И с третьего раза моя махина выдаёт мне немножечко звука. Ну так, совсем немножко. Звук — размером с хрупкую бабушку 102 лет. Весьма точно, кстати, попадая в ноты.
"Так", говорю, "прекрасно, давай дальше в том же духе" — мне становится интересно, чем это закончится. Диапазон у моей "бабушки" внушительный, 2,5 октавы, причём человек даже не успевает заметить, как переходит в фальцет. А разговаривает, между тем, голосом нормального такого неповоротливого медведя — в полном соответствии с конституцией.
"А погромче", говорю, "можешь?" Ну, махина моя мнётся, заставляет себя уговаривать. "Не получится", говорит, да и страшно. Но меня на мякине не проведёшь, и после долгих переговоров он выдаёт звук взлетающего реактивного самолёта, совершенно неуправляемый и дикий. Меня напугать чем-то трудно, но сам клиент кажется не на шутку растерянным. "Ну вот", говорит, "я же говорил — не получится." И странное дело, в этот момент у него опускаются плечи, сникает взгляд и всё тело как будто становится таким… желеобразным, как холодец.
Надо ли говорить, что любой звук большого размера так не делается, а это значит, что 3 секунды назад я видела перед собой совершенно иное зрелище — из костей, мышц и кожи, а не эту вот амёбу.
"А как тебе комфортно?", говорю. Махина мнётся, видимо, не понимая смысла моих слов и снова поёт бабушкиным голосом. Забавно, при этом вся фигура его как бы пытается уместиться в гипотетическую бабушку — представьте, как если бы вы огромного плюшевого мишку пытались запихнуть в морозилку. Получается не очень.
"Гм", говорю, "руками размахивать можешь?"
"Ой, ну, неудобно же" — ещё больше сжимается мой плюшевый мишка.
"Ну почему неудобно, педагог же просит! Если такое упражнение, значит, надо делать" — пытаюсь я проехаться на авторитете учителя.

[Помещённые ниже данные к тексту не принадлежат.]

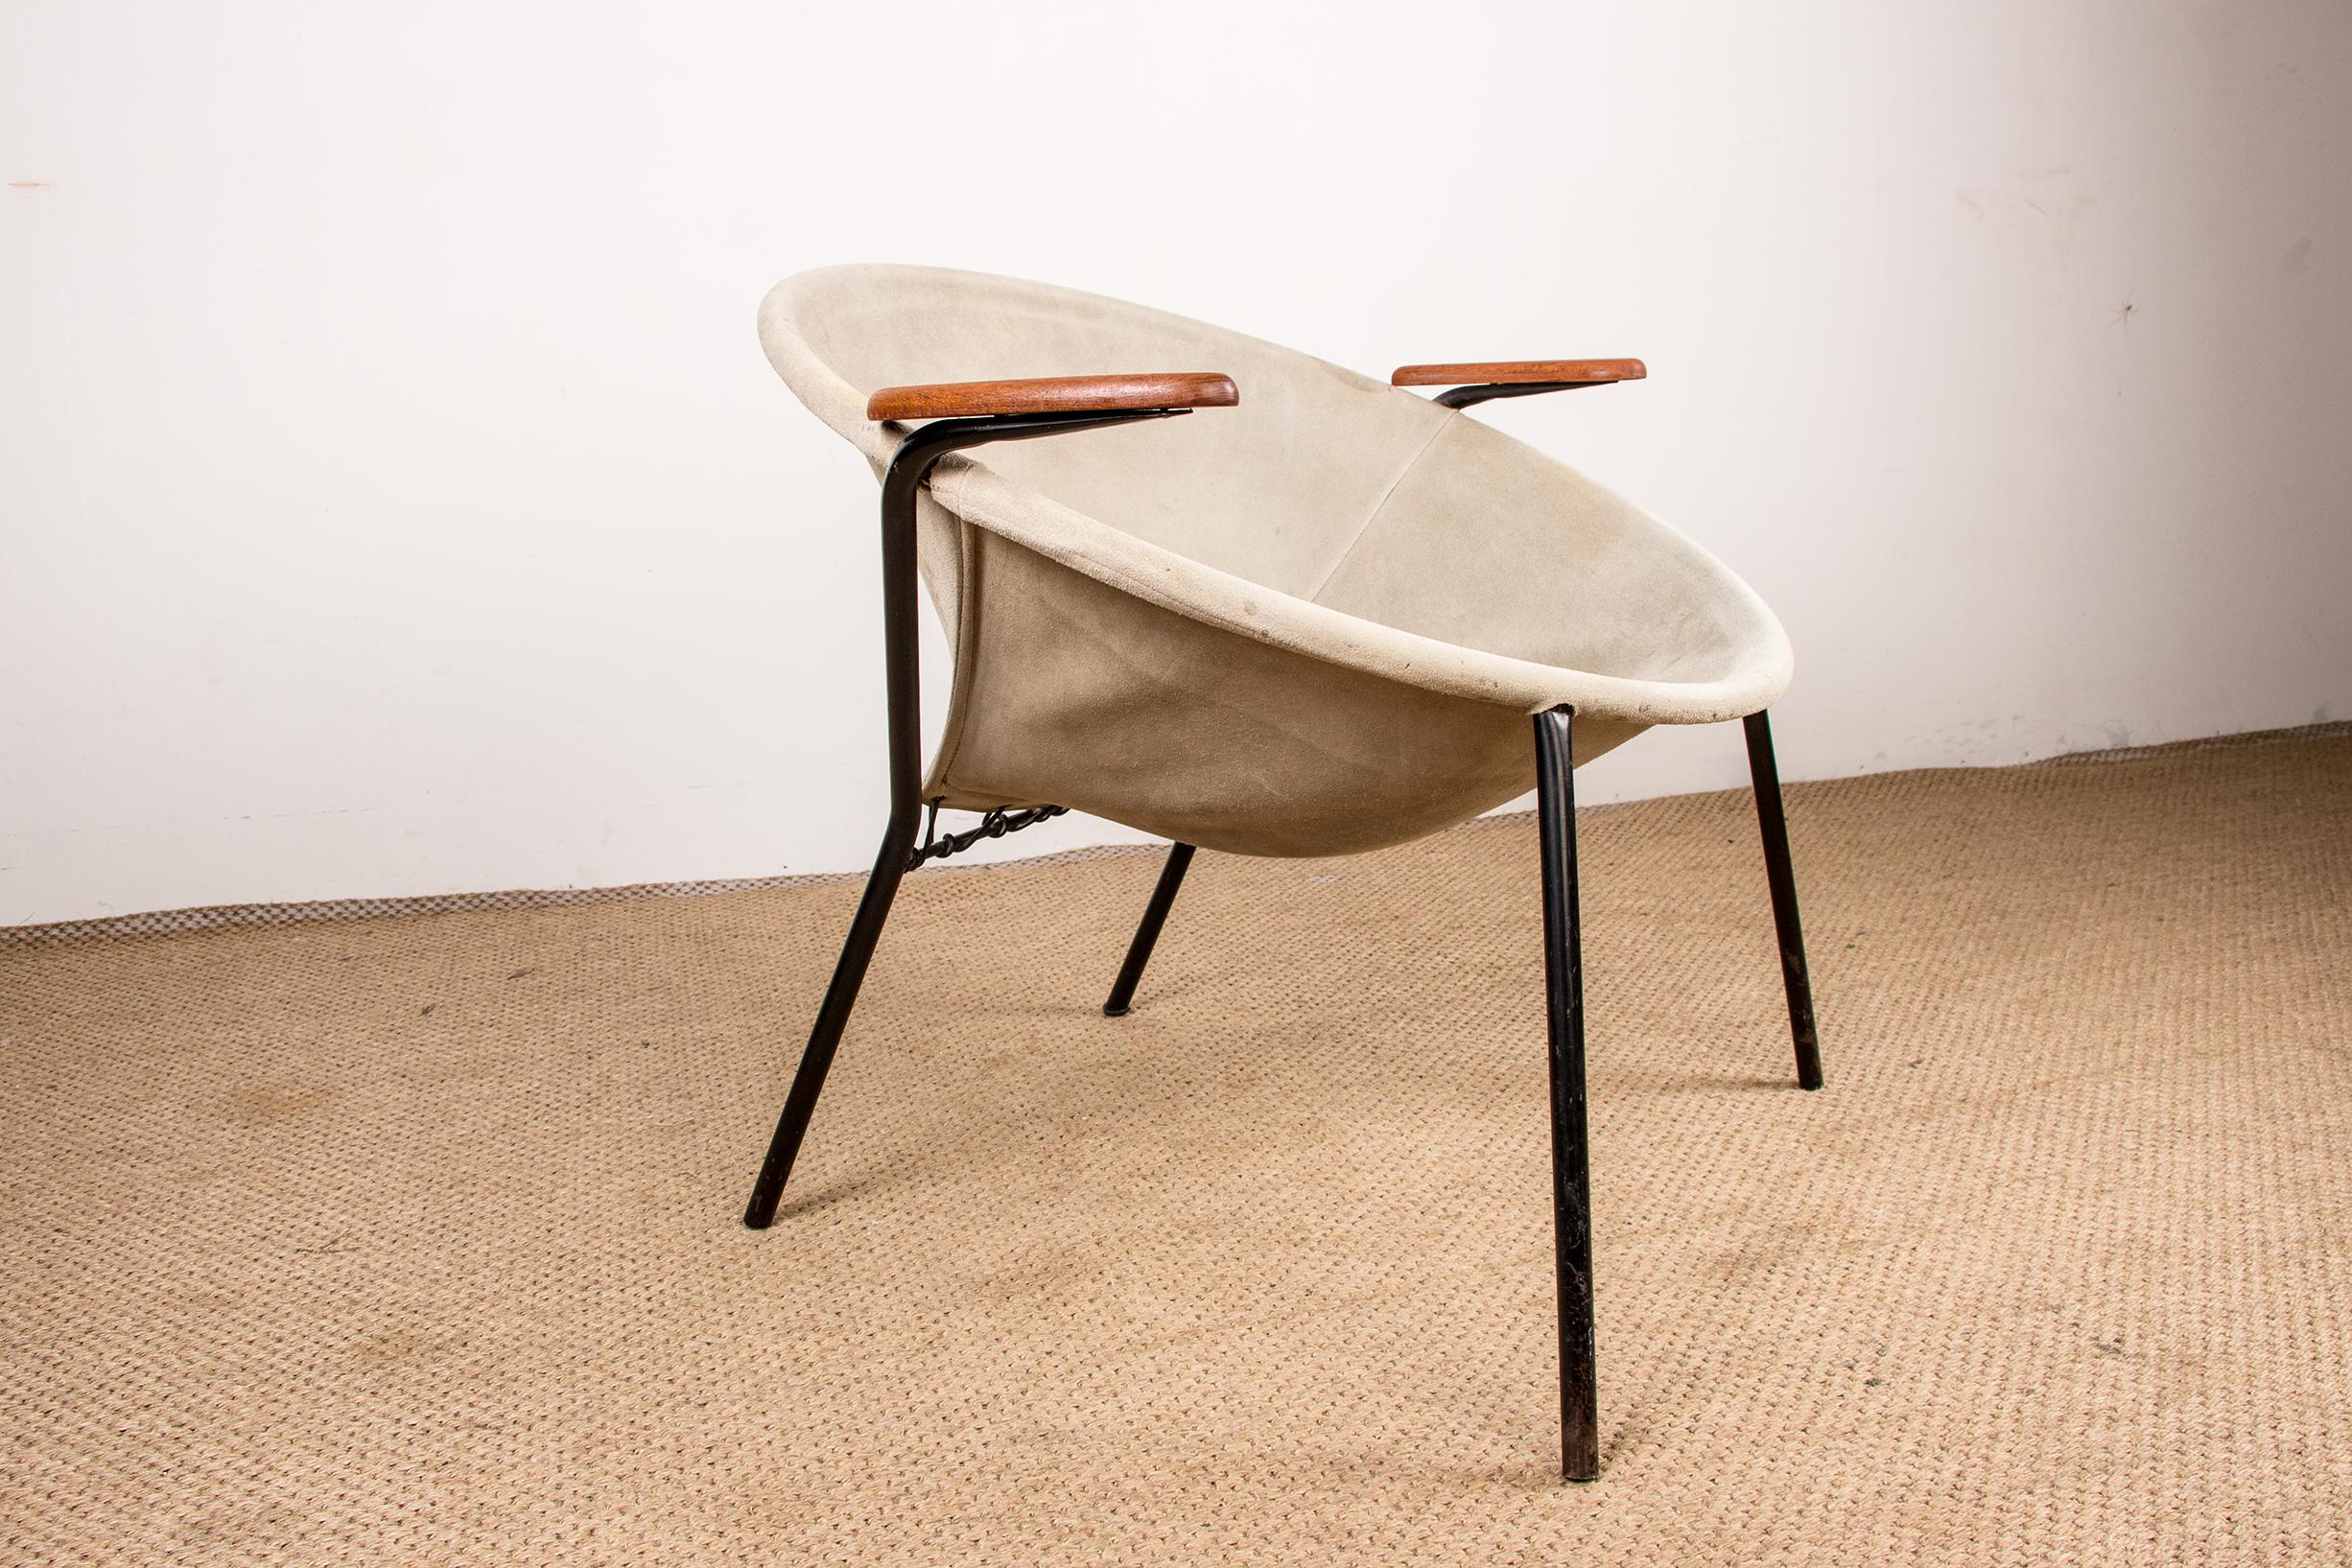 Mid-20th Century Danish Leather, Steel and Teak Armchair, Balloon Model by Hans Olsen 1960 For Sale

Махина пытается развести руки, очень робко, больше чем на 30 см от туловища оторвать не удаётся. При этом ему кажется, что он уже разбил всю посуду и цветочные горшки, и даже в соседнем классе. Звучать, конечно, при этом не получается.
При этом я явно вижу, что весь процесс ему доставляет муку, моя амёба счастлива, что время урока закончилось, но меня — как человека, который его мучает, он готов превозносить, соглашаться, что так и должно быть и, по-видимому, ходить будет долго.
Мне хочется взвыть.
"Дорогой", говорю, "а кто тебя воспитывал?" Кто бы вы думали? Бинго: бабушка.
Домашнее задание, говорю. Принеси мне то, что любил в детстве петь сам и то, что тебе любила петь бабушка. И заодно принеси всё, что тебе самому сейчас нравится слушать.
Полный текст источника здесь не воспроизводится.